**Activity:** I'd like the entire listing output verbatim, apart from the pictures.

**Supplied data:**
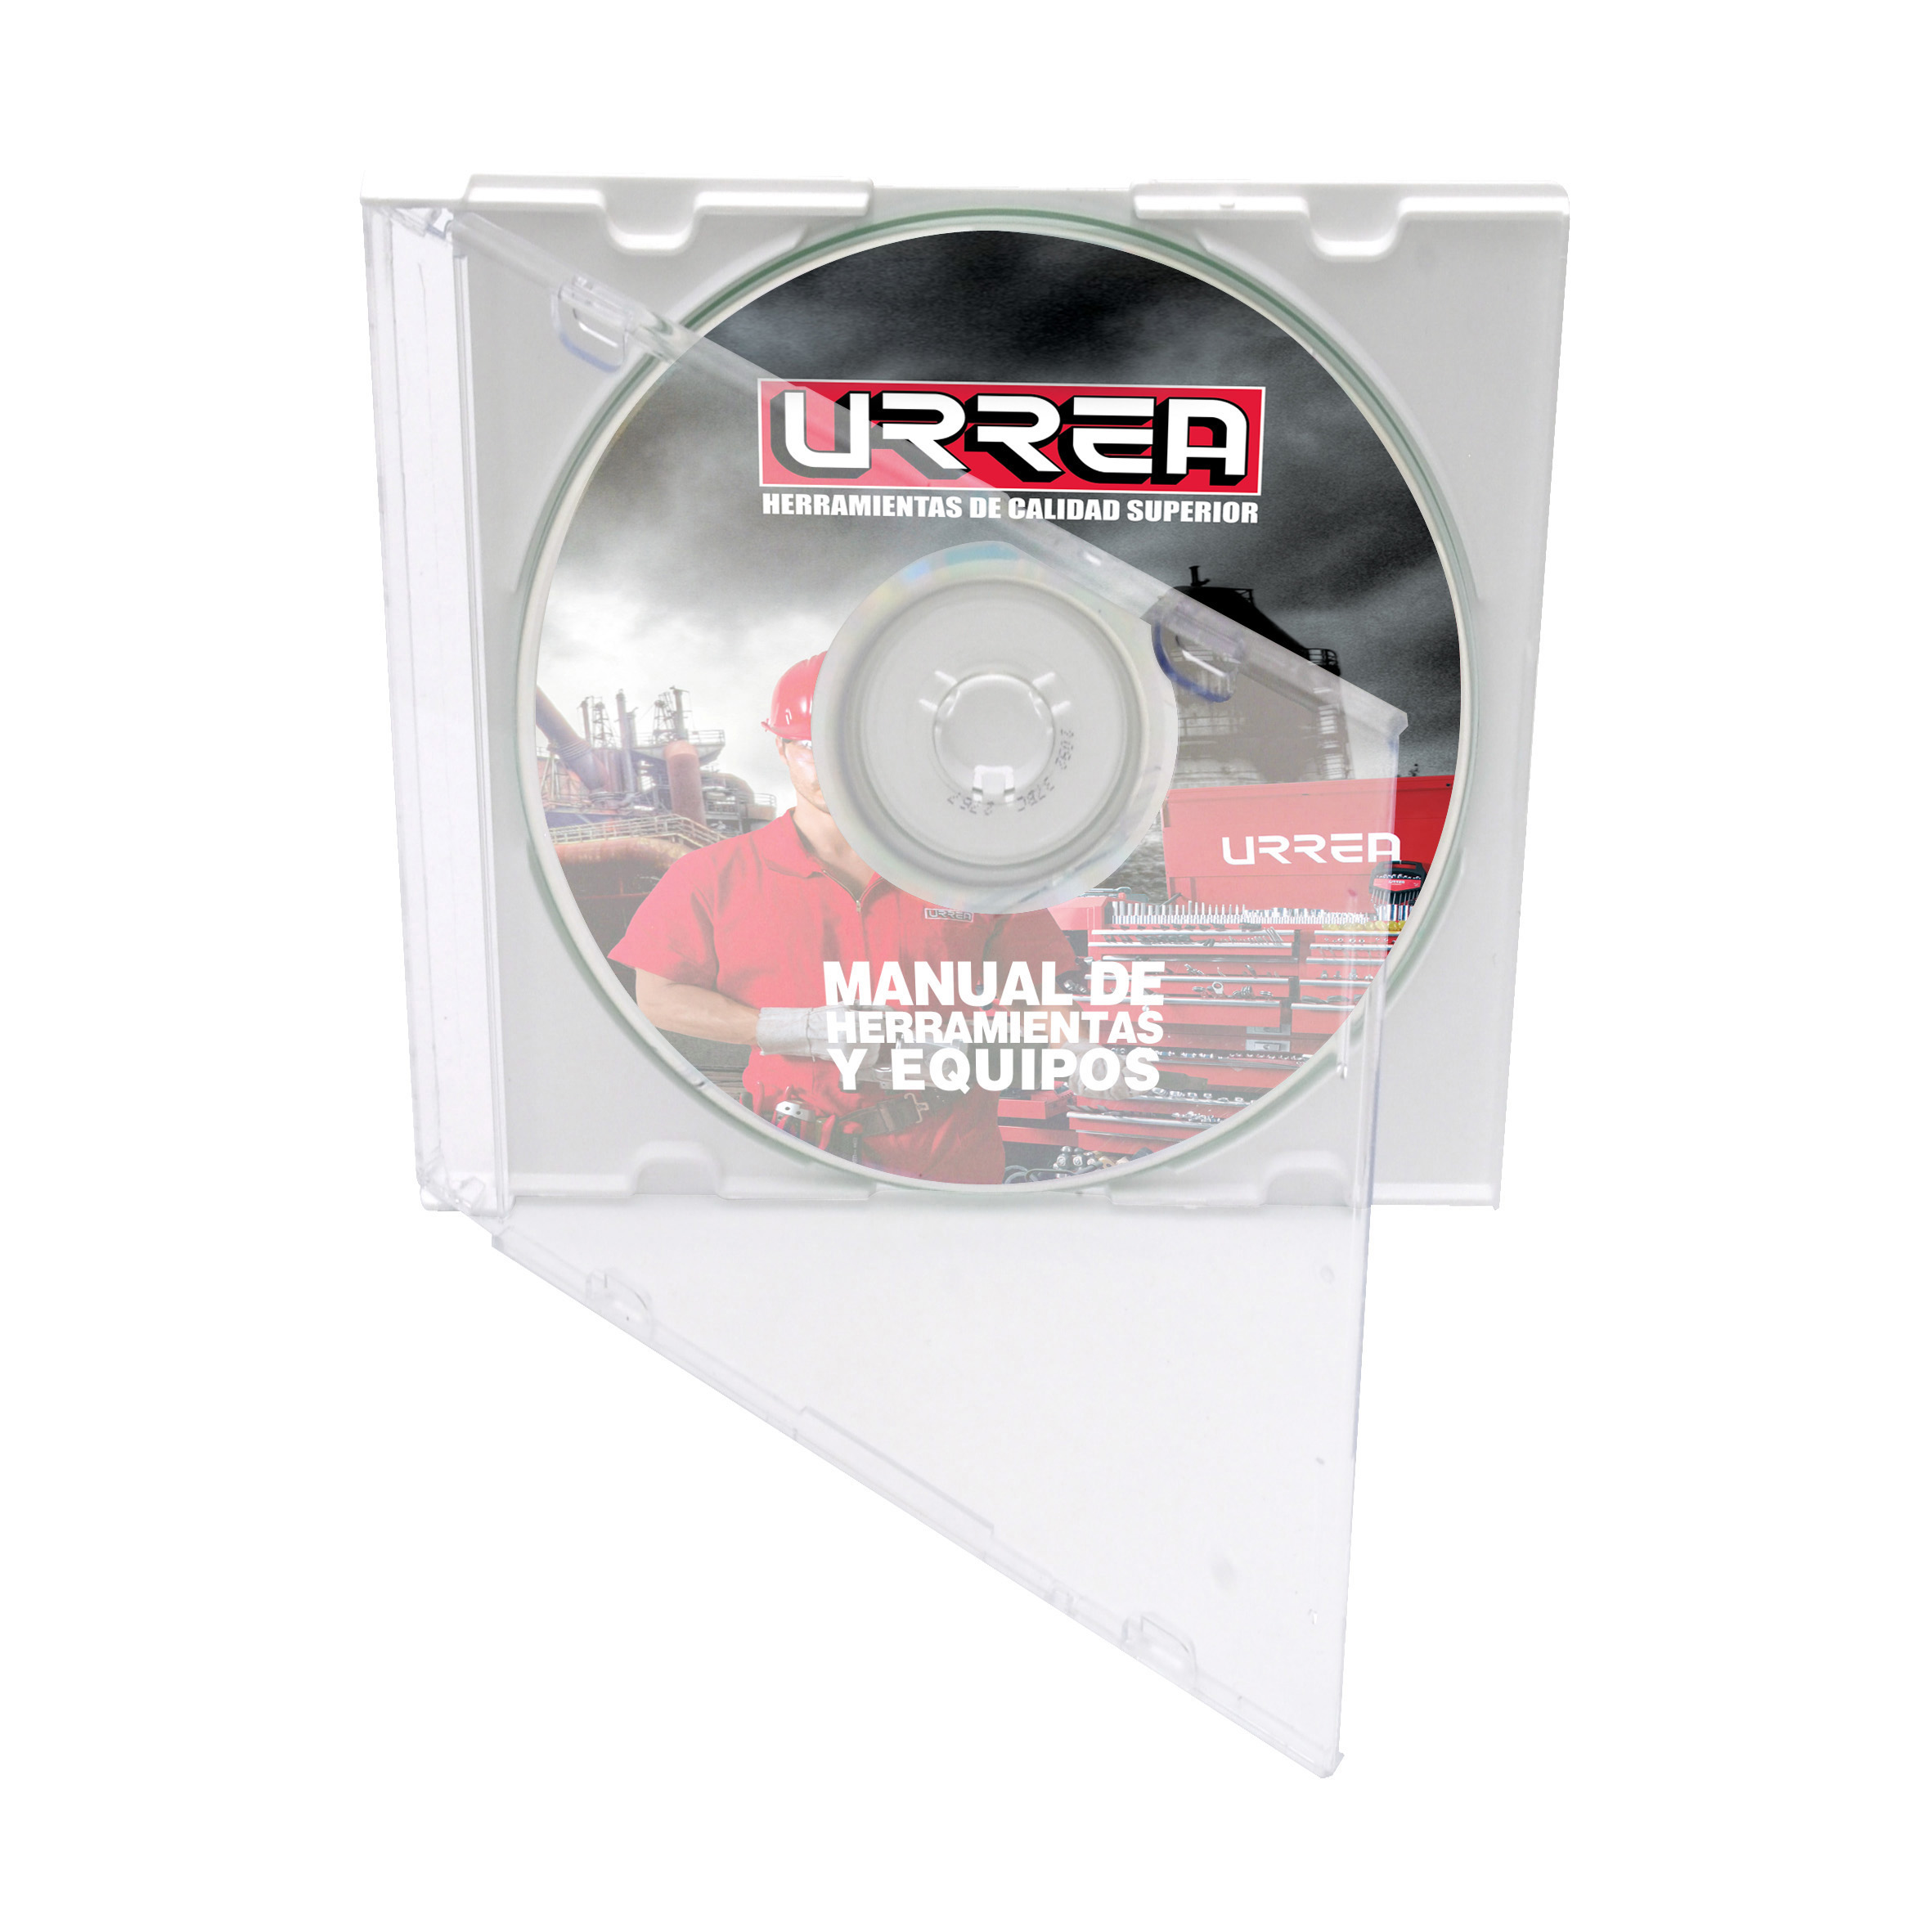 Manual de herramientas Urrea 2010 (CD)
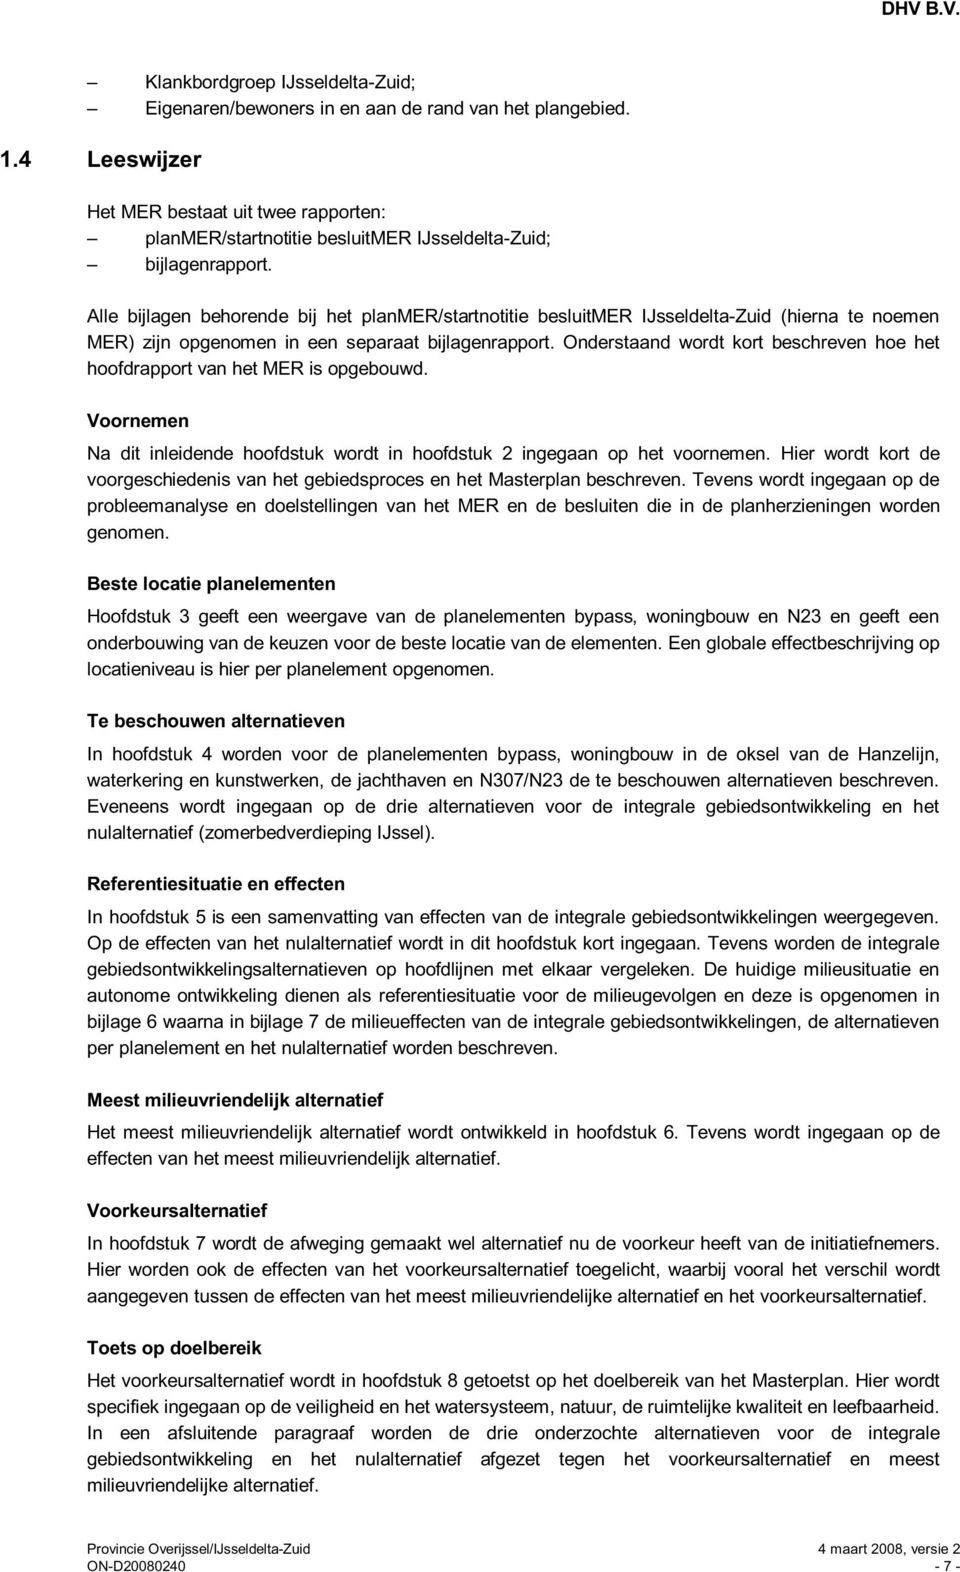 Alle bijlagen behorende bij het planmer/startnotitie besluitmer IJsseldelta-Zuid (hierna te noemen MER) zijn opgenomen in een separaat bijlagenrapport.
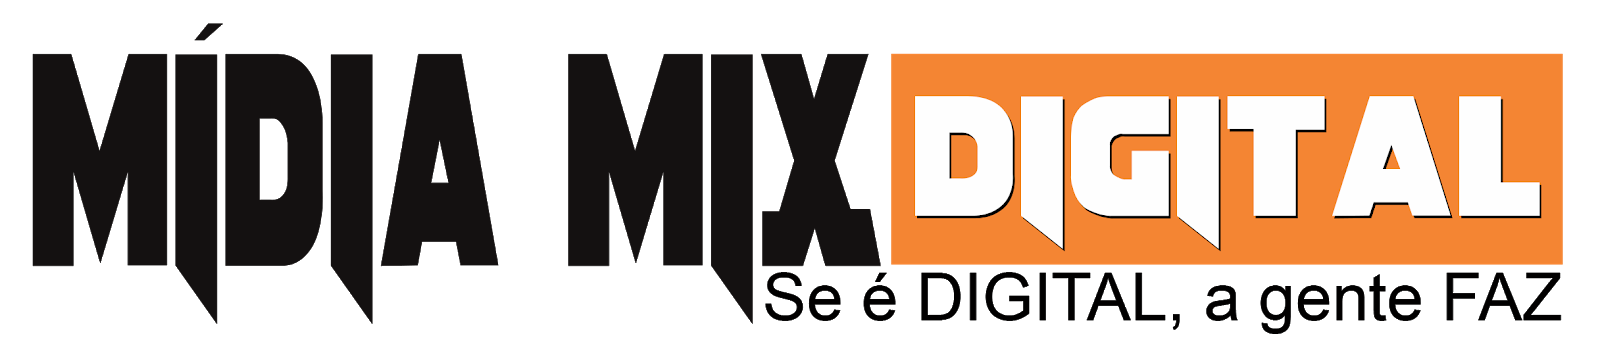 MIDIA MIX DIGITAL OFICIAL
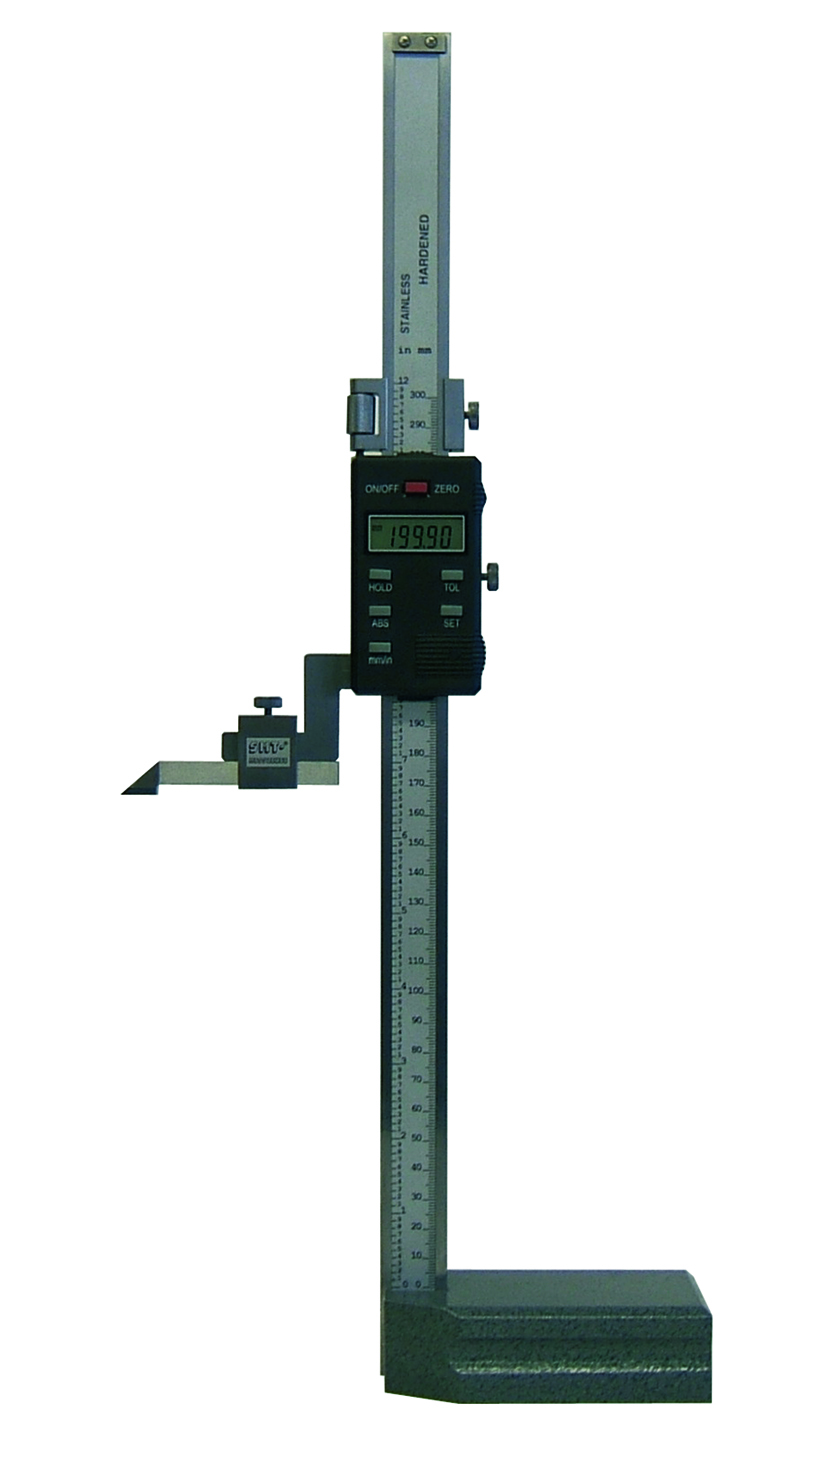 Digital Höhenmessgerät Anreißgerät Höhenanreißer 500 mm Messbereich NEUWARE

**Response box:**
 Manual de herramientas Urrea 2010 (CD)
 Alle bijlagen behorende bij het planmer/startnotitie besluitmer IJsseldelta-Zuid (hierna te noemen MER) zijn opgenomen in een separaat bijlagenrapport.
 MIDIA MIX DIGITAL OFICIAL
 Digital Höhenmessgerät Anreißgerät Höhenanreißer 500 mm Messbereich NEUWARE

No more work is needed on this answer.